Rich elaborated that at each level and department, a different vocabulary is needed based on a different threshold of understanding. Executive literacy, for example, is all about risk and accountability, not technical depth. "The dangerous executive is not the one who doesn't understand transformer models or all of the technical breadth of things behind the scenes, it's the one who can't ask the hard question about model confidence," Rich shared.

Both Rich and Harris highlighted the need for quality data in order to get meaningful output from an AI model. Rich focused on three core data streams that every AI solution should have access to: what was planned, what physically happened and when. "Ask yourself: does this model or AI solution objectively have access to clean, complete, consistently structured operational data?" he said. "If the answer requires a caveat, you aren't ready to deploy AI but you are ready to invest in your data."

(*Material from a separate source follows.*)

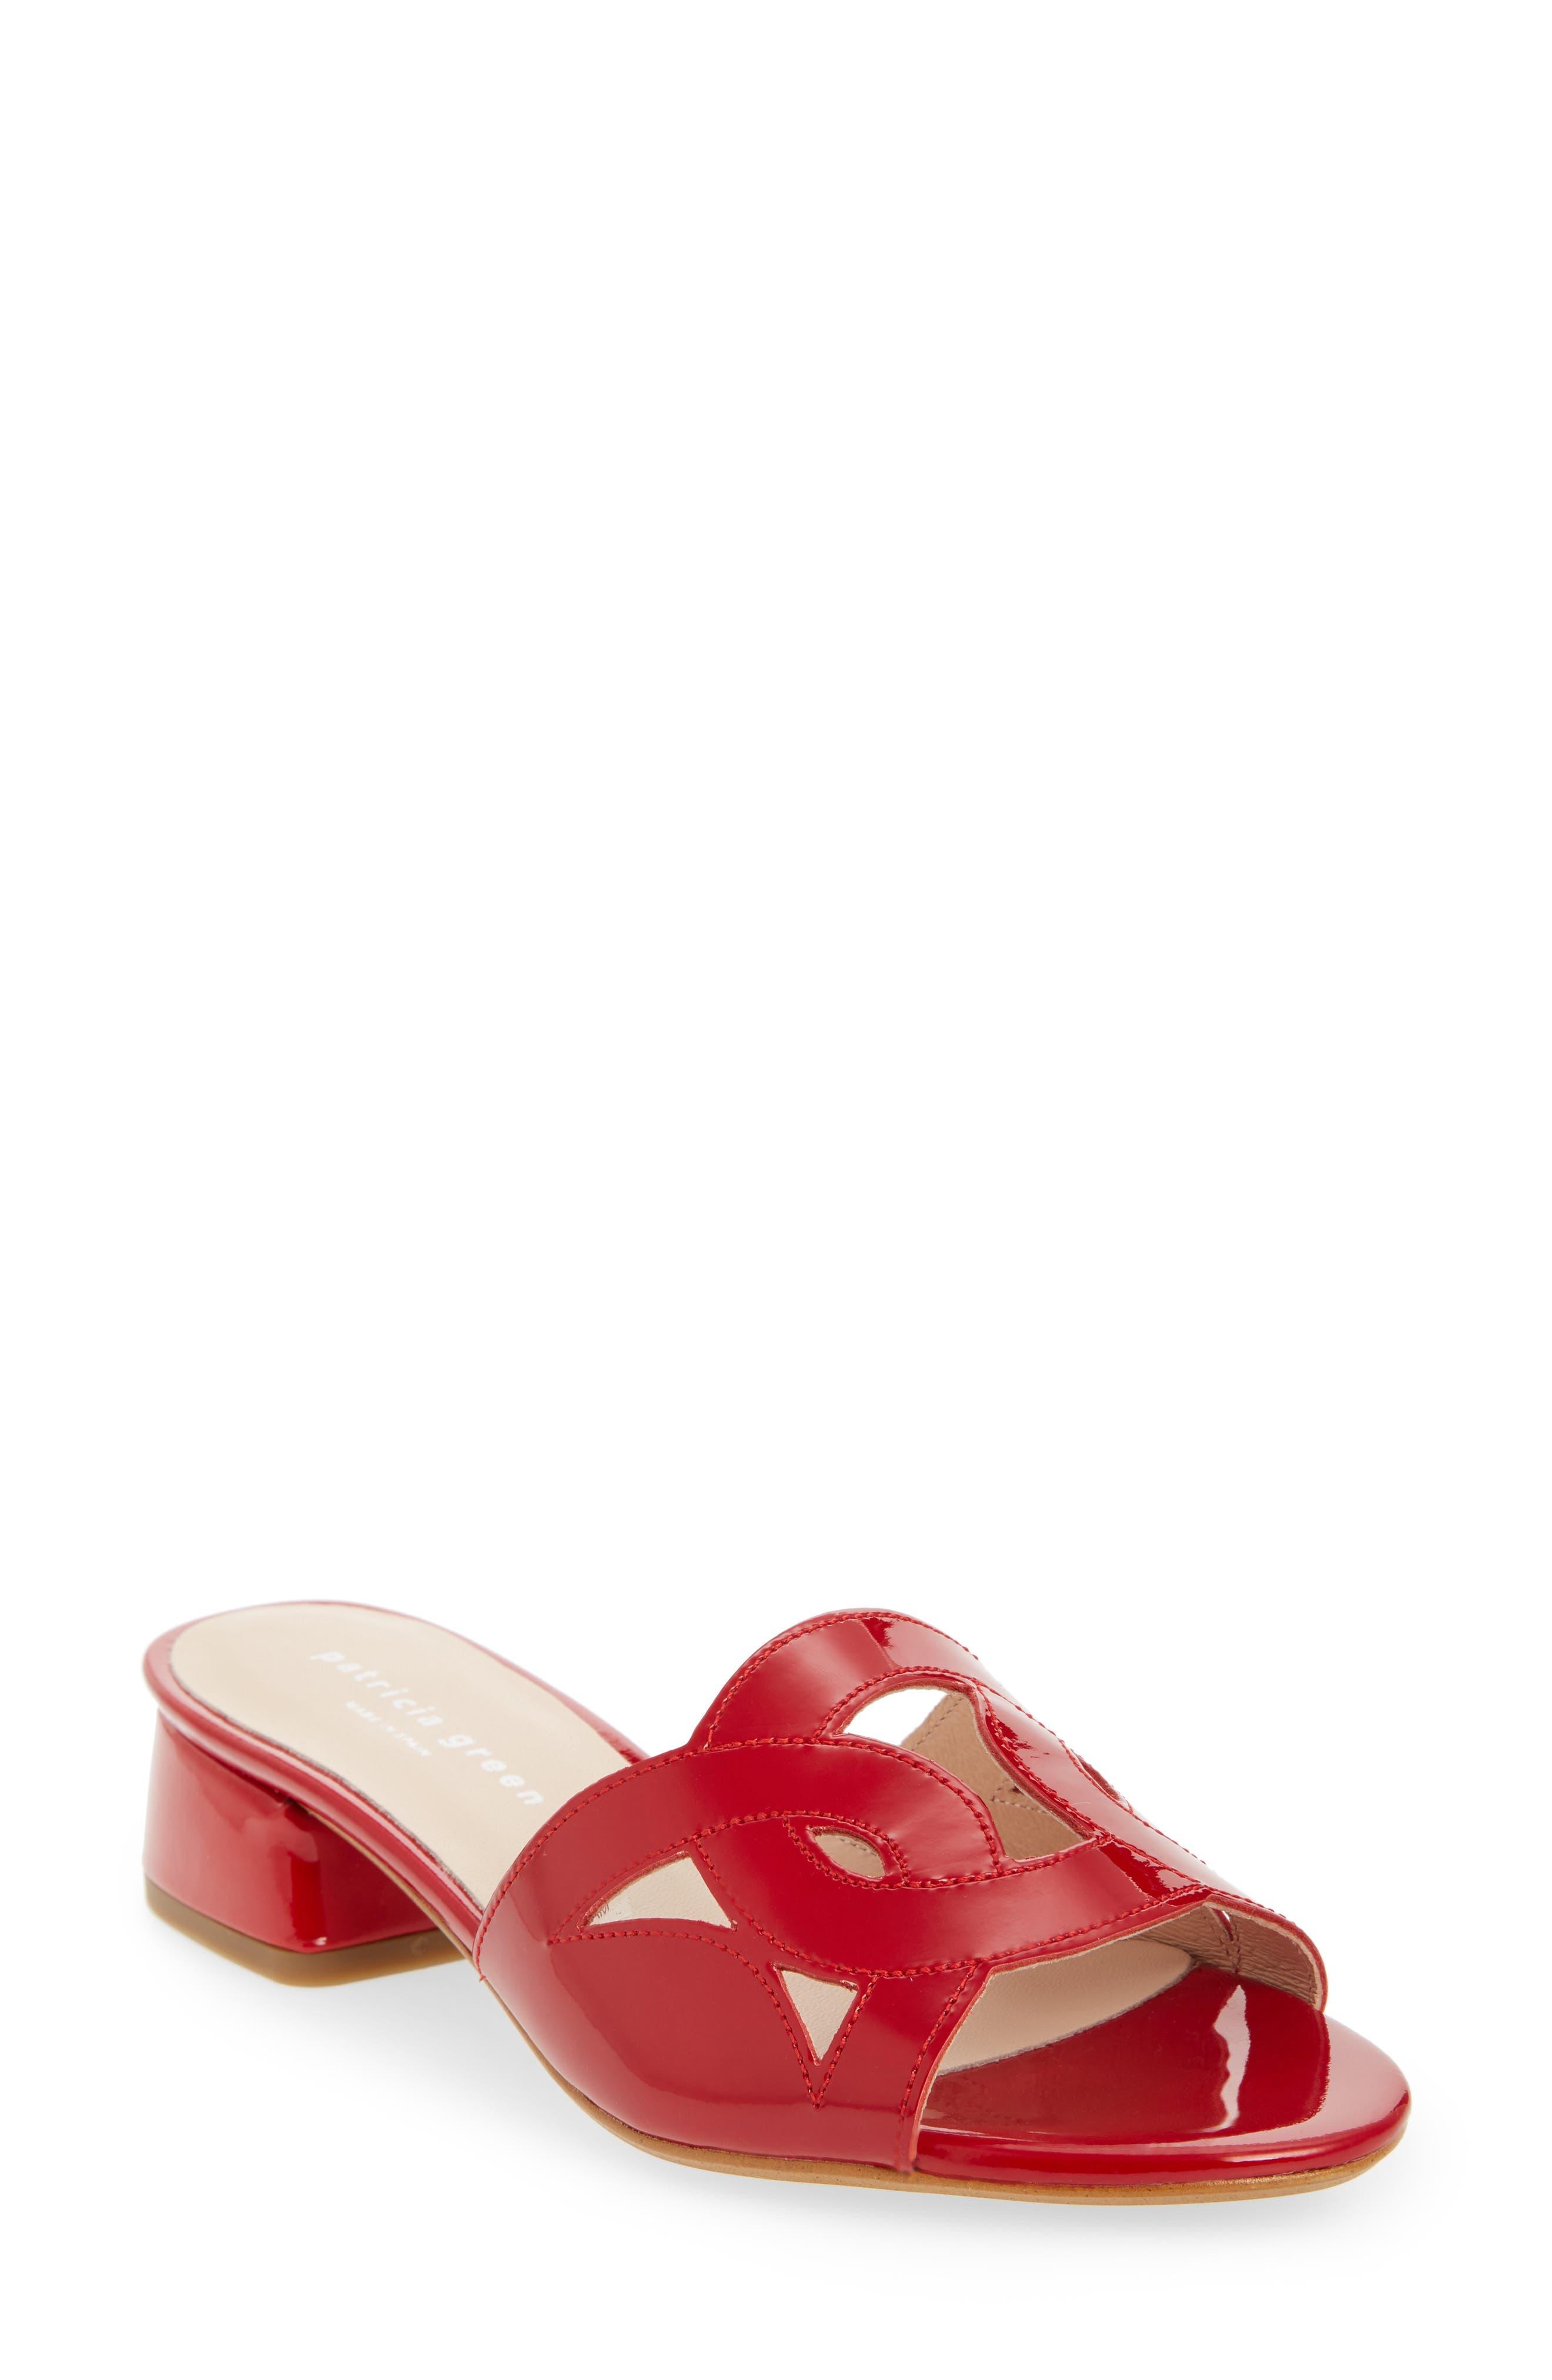 Patricia Green Boca Slide Sandal- Red
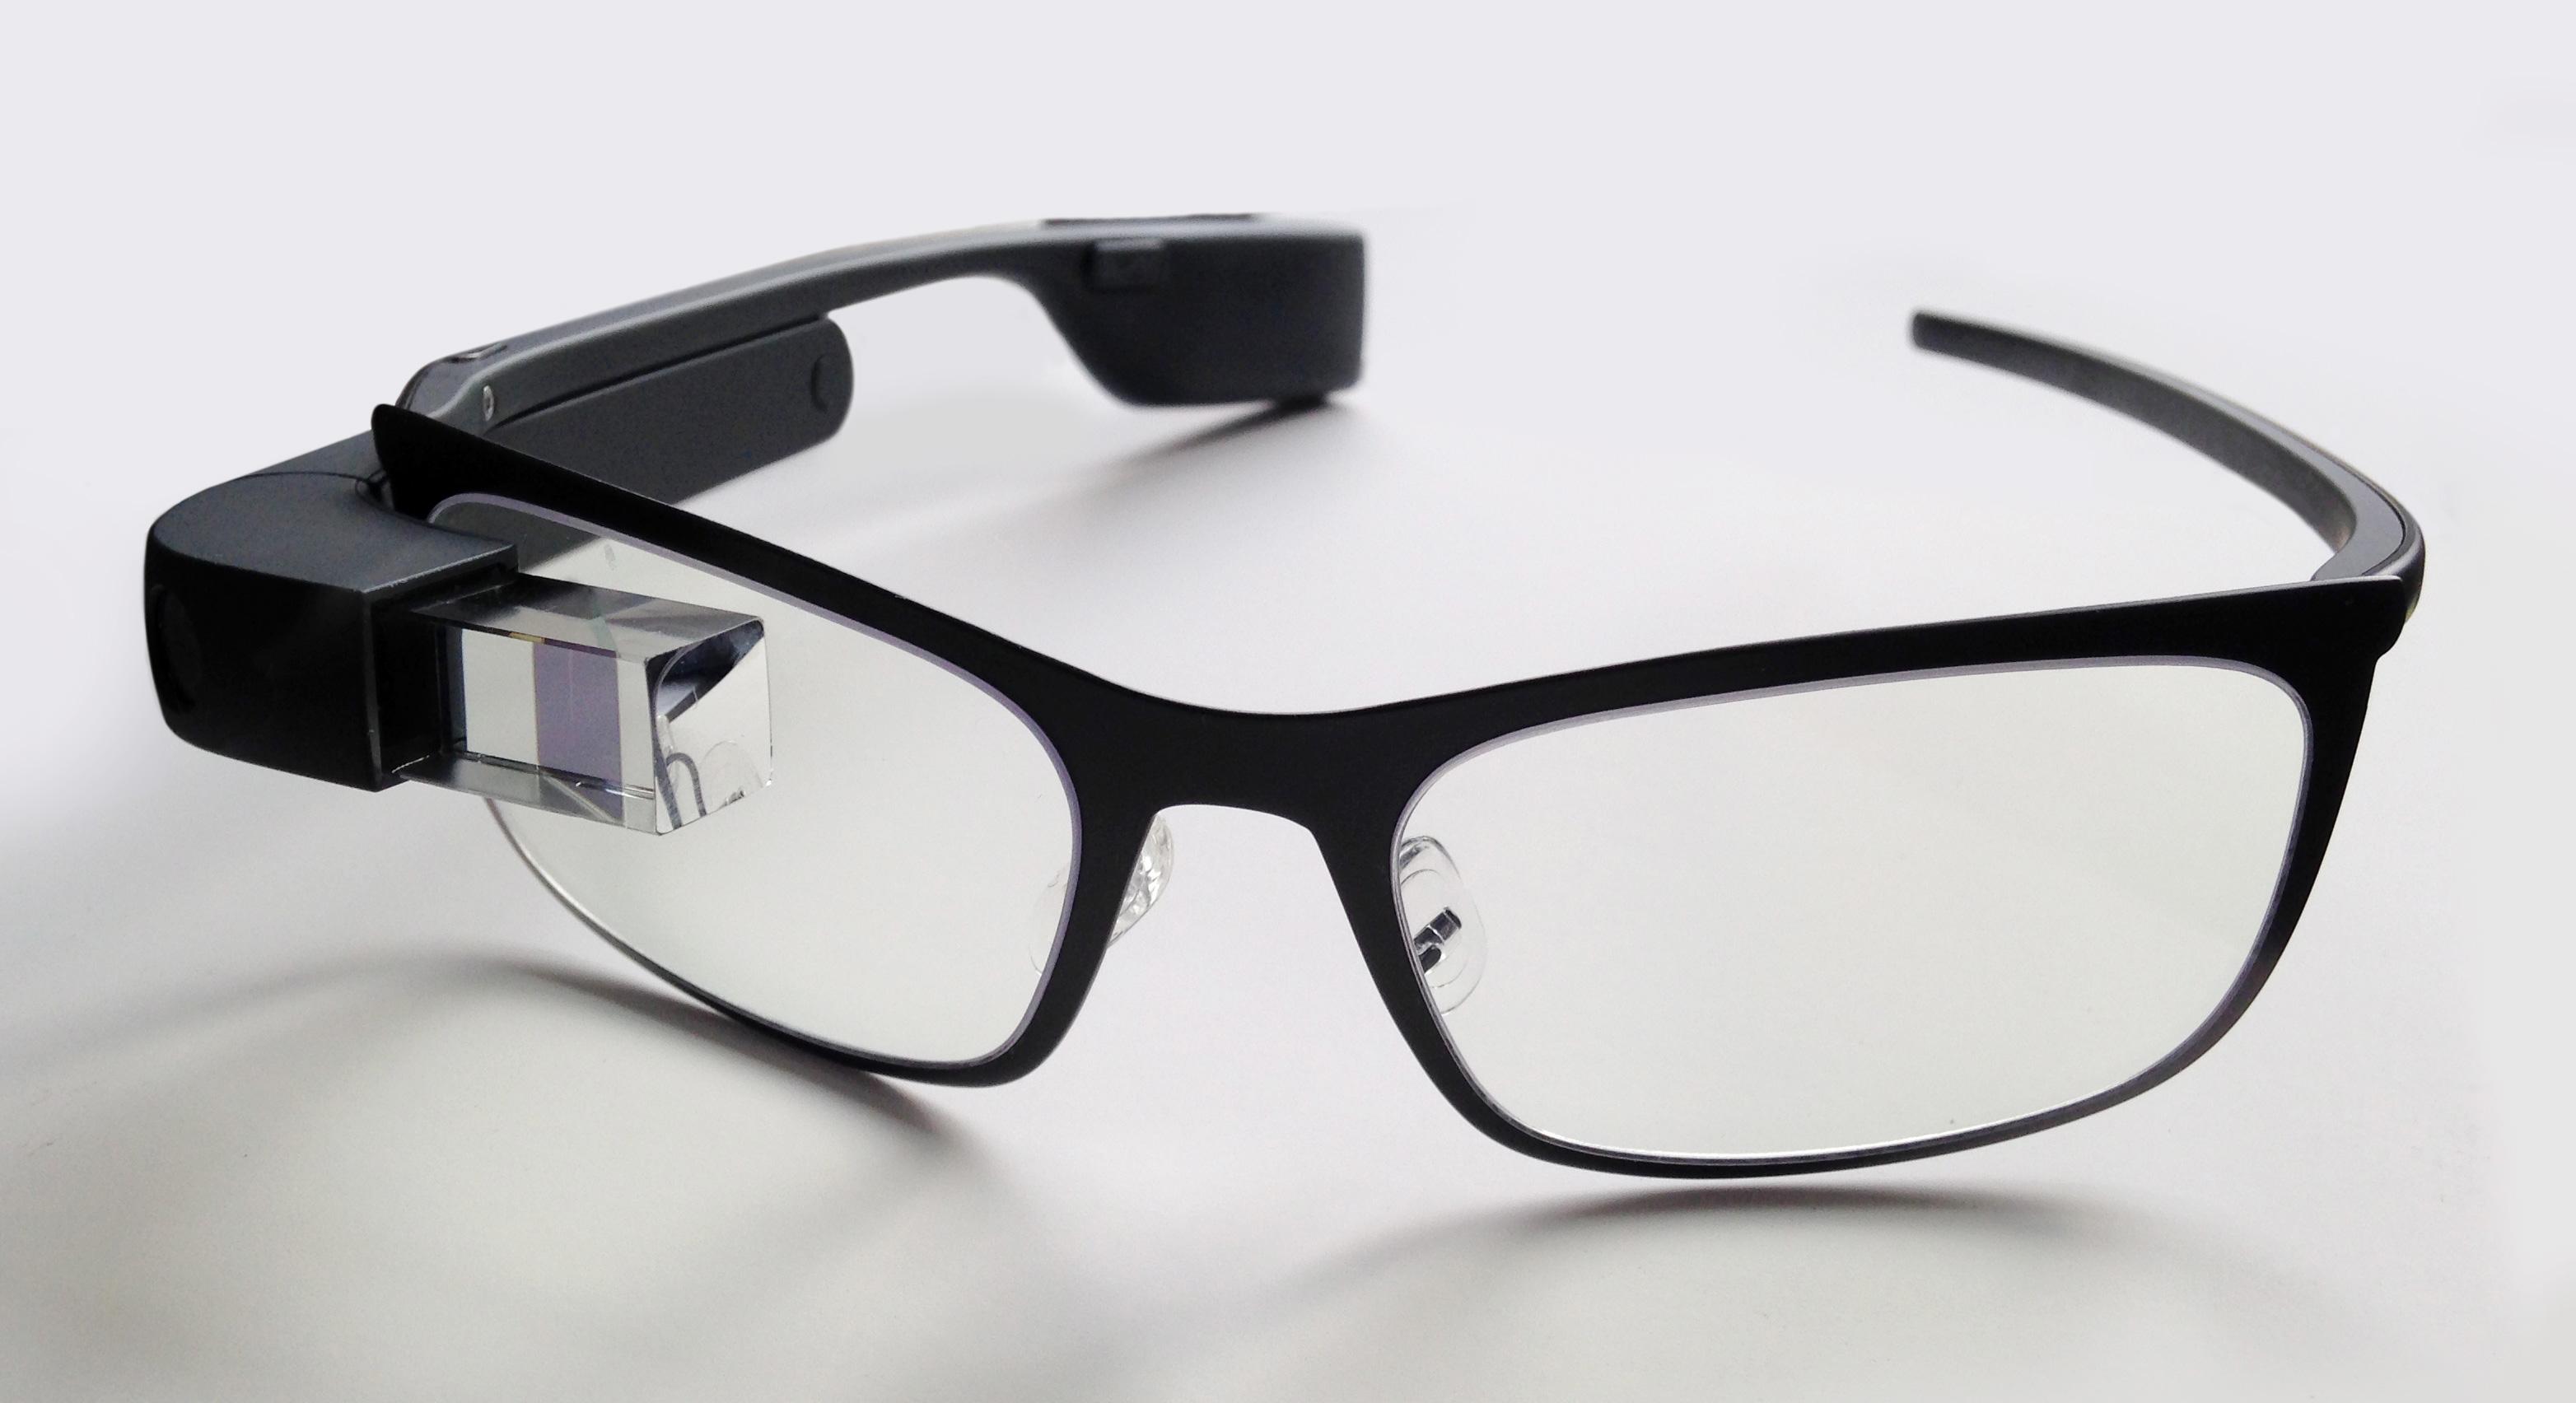 Image - Google Glass with frame.jpg   Creepypasta Wiki   FANDOM ...

Today's human-in-the-loop approach, based on active participation from human beings collaborating with AI systems, is starting to be questioned, as some consider the potential benefits of removing that human involvement from the process. However, Rich asserted that until analysis is conducted into the expected cost of errors should that checkpoint be removed, using real production data, this can't be considered a viable option. "The rush to remove human-in-the-loop is driven by throughput pressure, not necessarily value analysis," he noted.